In my house, I don’t officially win many fights. It’s not that I can’t win them because I can (I can be a real bitch when I want to be). I just don’t like to fight. I don’t like turmoil. I don’t like for others to be unhappy.
And so I shut my mouth, I bend over backwards, and I accommodate because NO ONE that I love should be unhappy EVER!
So that brings us to the “problem” at hand.
My Bubby, now 3 (granted he’s a very young 3, but he is still 3), still wears a diaper and takes a bottle more than I care to admit. This kid is NOT dumb by any means. He is not delayed in any way (other than a few speech issues). As a matter of fact, he is quite advanced. He can count, knows all of his colors, can recognize all of his letters, and remembers things that even a camera could not.
So why is he still in diapers? Why does he still take that bottle on occasion (occasion…HA…who am I kidding, at least 3…again with the HA…8 times a day)? Because his Mom is a pushover that doesn’t like turmoil (stop pointing, I know who his Mom is)!
It’s not that I haven’t tried. I have. I promise. I’ve taken him off the bottle (for a whole day one time). I even bought him a Cars 2 potty seat to go on the big boy potty (he loves that by the way, I highly recommend that you buy one, they make great steering wheels for running around the house, handles and all)! But he’s not buying into any of it, and here’s where HIS smarts and MY pushoveritude (shut up…yes that’s a word) come in to play!
A typical conversation regarding the potty goes something like this (again, please be kind and keep in mind that this is the youngest of 6…MY BABY…and I don’t want him to be sad):
“Mommy, I just did a big GIANT poop in my BUTT!”
“Lay down Bubby, let me change you.” (Retrieves all necessary supplies including diaper, 2 wipes, plastic baggy, and gas mask.)
“My big GIANT poop stink bad bad bad Mommy!”
“Yes it does my love, don’t you want to start going in the big boy potty?”
“No Mommy, I not big boy, I baby…I YOU baby Mommy!”
“Yes, love, you are MY baby and you will always be my baby, even if you go in the big boy potty. And I will be proud of you! And I will love you no matter what!”
“Mommy I don’t don’t don’t want to be big boy, I Bubby…I YOUR baby!” (and it continues)….”I don’t don’t don’t…I a baby…YOUR baby! You love me? I love you too Mommy! I don’t don’t don’t want big boy potty!”
“OK Bubby, you are my baby, now just go play and don’t cry!”
Mommy: 0 Bubby: I lost count but he’s WINNING!

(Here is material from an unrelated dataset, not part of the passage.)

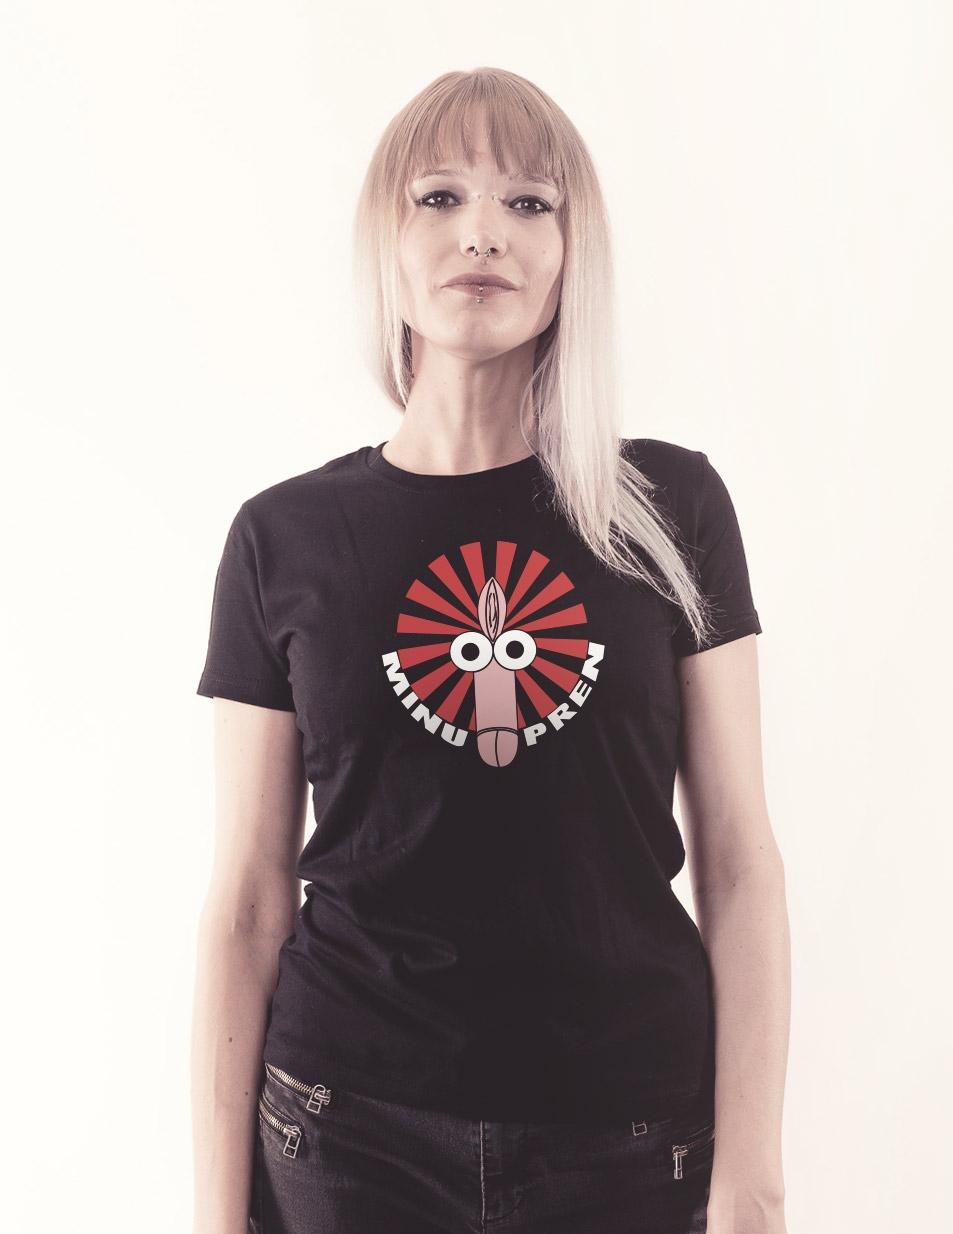 Fotzenpimmel Girly Shirt mehrfarbig auf schwarz

Same thing with the bottle, only that usually involves “I tired”, or “Ky-ee scared me”, or “I want lay down”, or….well you get his angle! It’s maddening, it’s sickening, and the fact that I’m a pushover is not going to change any time soon (seriously, ask my big girls…they’ll tell you…it’s sad).
So here’s how I look at it! I’m not going to change (think old dog, new tricks…yea that never works). He IS technically my baby! At some point all 6 of my children took a bottle AND they wore diapers. They all stopped, and he will too. I don’t honestly think he’ll be showing up for Kindergarten like this (fingers crossed…send sparkles). And I know first hand that children grow up too fast.
My oldest is “grown” and my second is close behind! It’s OK for us Moms to cling on to our babies for a little while. And it’s OK that he’s smarter than me for reminding me of this fact on a daily (hourly) basis.
So for now, I shall just resign as the best mom on the planet (like I ever freakin had THAT title) and we shall call him Professor Poopy-Pants Bottle-Boy until HE is ready to be a big boy, and I will be content. He is my love, and he IS my baby! And he’s only 3. All things in good time!
So my salute to you Professor Poopy Pants! You’ve won yet another round! And your Mommy will always be a pushover…you’re a lucky, lucky boy (ask your big sisters, they’ll tell you)! But I swear, if you think you’re going to your prom wearing a diaper and toting a bottle, you’re going to be one pissed off little mister. By then, I’ll (probably) put my foot down!